Well, Mr. Tanner was conspicuously absent, so Ezra decided he would do the reckoning in his stead. Vin would have wanted that, Ezra figured, and he didn't want to disappoint the tracker. But... what was he going to reckon? Ezra couldn't remember... oh, wait.
He and Mother were leaving a hotel in New Orleans, and his mother had sent him down to pay the hotel bill - the 'reckoning' as the hotel proprietor, Mr. Delancey, called it.
"Have you paid your reckoning with Mr. Delancey, Ezra?" his mother asked impatiently.
"Yes, Mother," Ezra said, handing over her purse.
"Did you bargain with him? You know the man is fond of charging extra for certain amenities."

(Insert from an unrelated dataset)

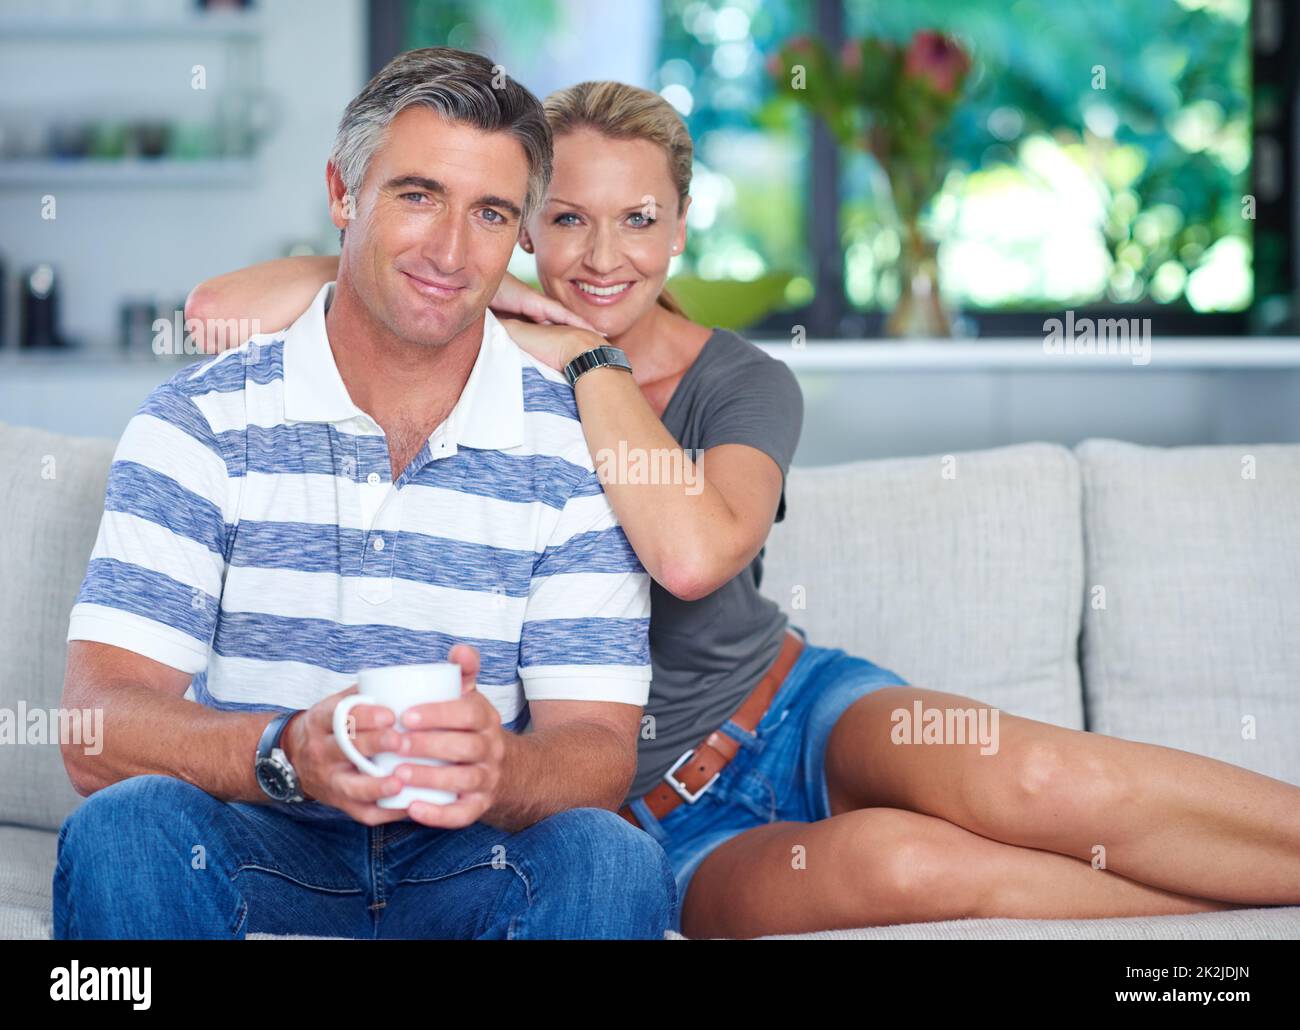 Giornata pigra a casa insieme. Ritratto di una coppia matura e amorevole che si rilassa sul divano di casa. Foto Stock

"No, Mother." His mother's stern gaze took in all of Ezra and his failings, and she shook her head in sorrow.
"Ezra, what have I told you about bargaining? Do you think money grows on trees? Of course it does not, my darling son! You must hunt it, Ezra, and guard it closely. Seeing you part with your money so foolishly, it brings pain to my heart, it really does..."
"I'm sorry, Mother."
J.D. looked over at Ezra, terrified by the other man's delirious mumbling. "Ezra?" he tried tentatively. "Ezra, you with me?"
"Of course I am, Mother. Never draw to an inside straight - you've told me that millions of times." Ezra's voice was petulant and childlike, and J.D. swallowed the knot of fear sticking in his throat.
CHAPTER TWO
The day slogged past, time slowed down to frozen-molasses-going-uphill speed. Heat pulled on horses and people alike, the movements of both creatures seeming to drag out in slow motion. One man, heat-addled, stumbled down the street and collapsed in the saloon from heat exhaustion, inches away from the whiskey he'd felt sure would save him. Nathan had gotten Buck to carry the man to his clinic along with Josiah, who'd overheard the man's sun -struck ramblings and had gotten curious.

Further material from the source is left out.